→ Brief:
Repeat the data word for word, excluding every picture.

-------- Data section --------

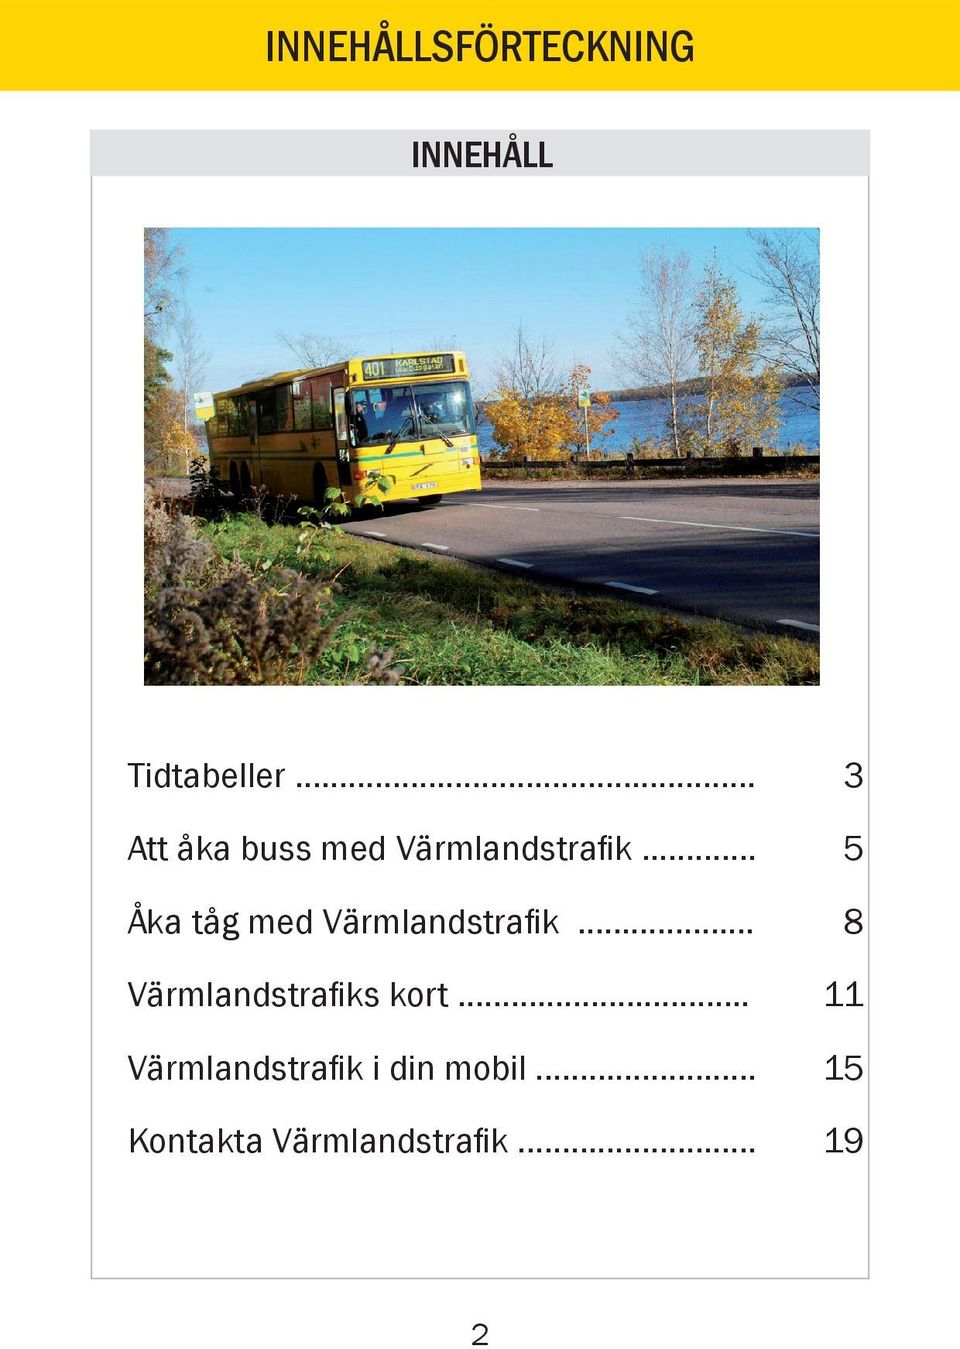 .. Åka tåg med Värmlandstrafik.
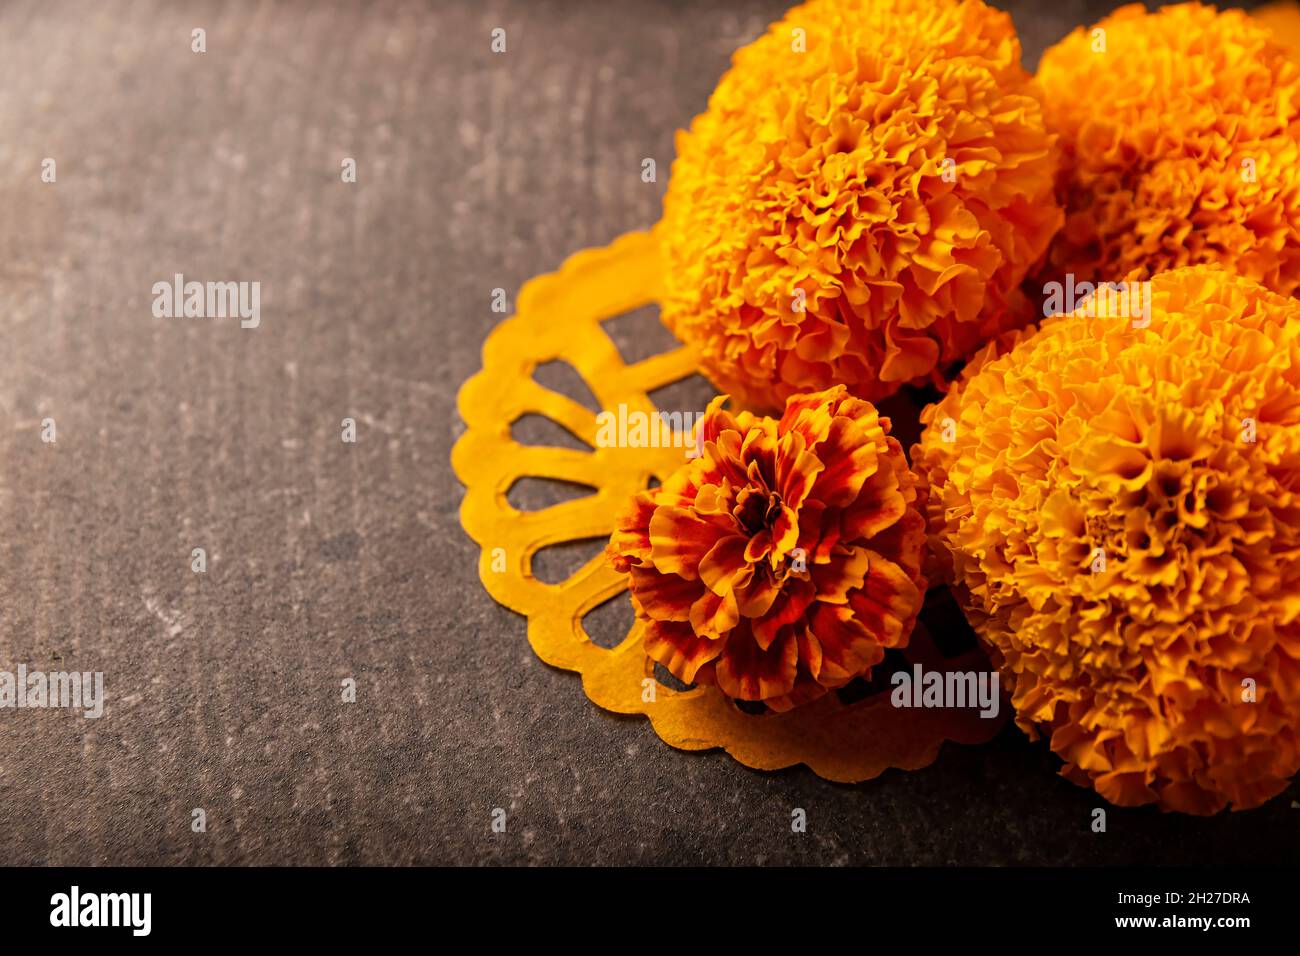 Fleurs d'orange Cempasuchil ou Marigold.(Tagetes erecta) utilisé  traditionnellement dans les autels pour la célébration du jour des morts au  Mexique Photo Stock - Alamy
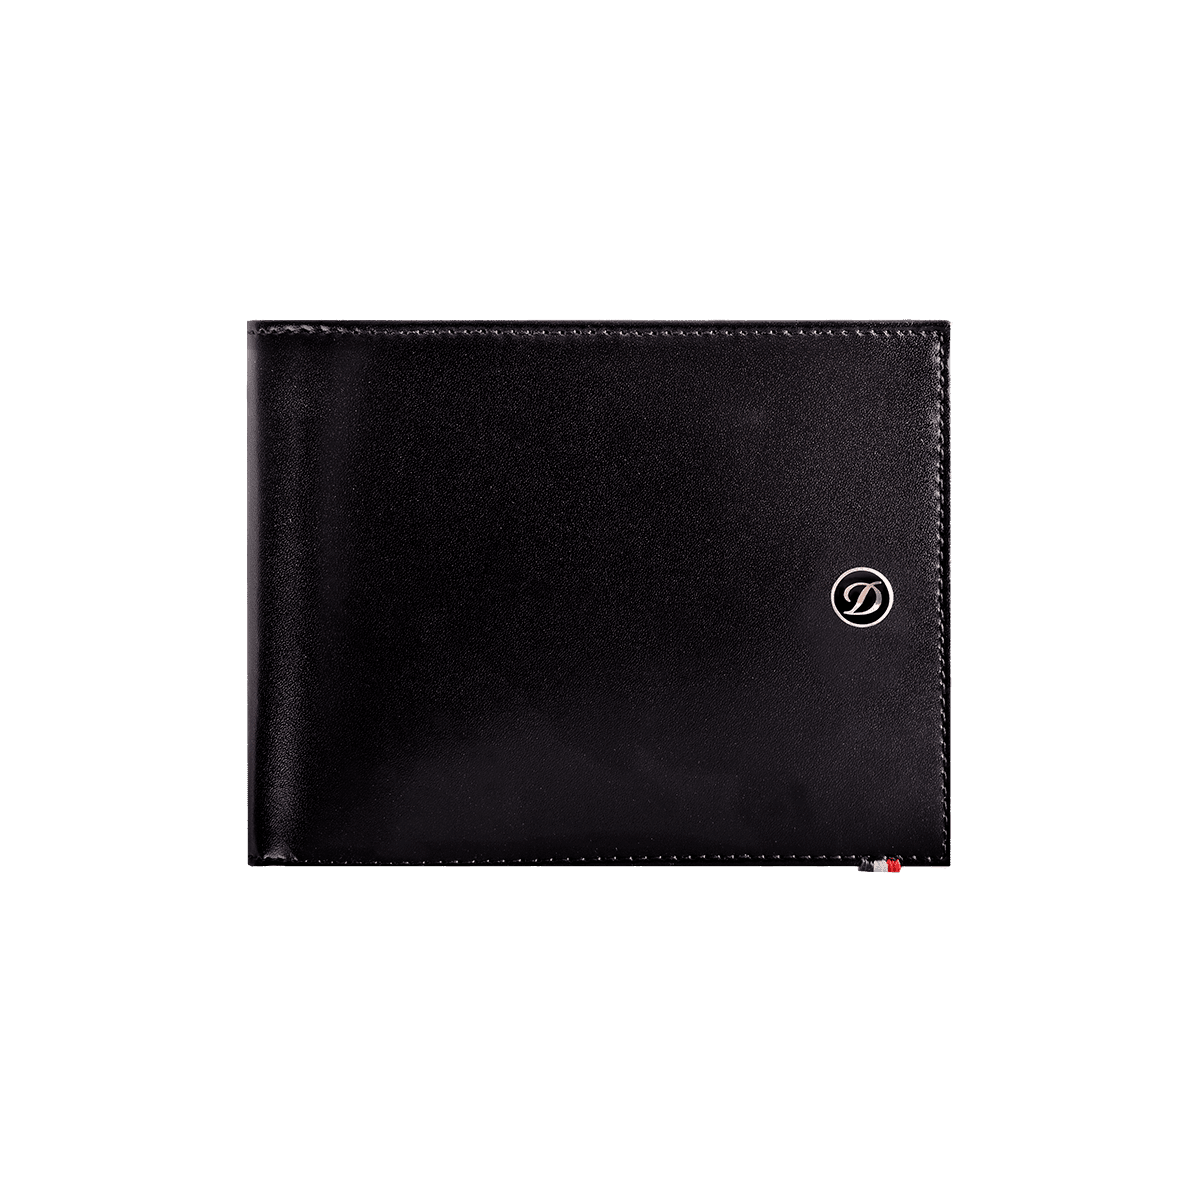 Портмоне Line D 180007 Цвет Чёрный Пормоне, 4 отделения для кредитных карт, отделение для мелочи | S.T. Dupont

--------

→ Completed exercise:
 .. Åka tåg med Värmlandstrafik.
 Fleurs d'orange Cempasuchil ou Marigold.(Tagetes erecta) utilisé  traditionnellement dans les autels pour la célébration du jour des morts au  Mexique Photo Stock - Alamy
 Портмоне Line D 180007 Цвет Чёрный Пормоне, 4 отделения для кредитных карт, отделение для мелочи | S.T. Dupont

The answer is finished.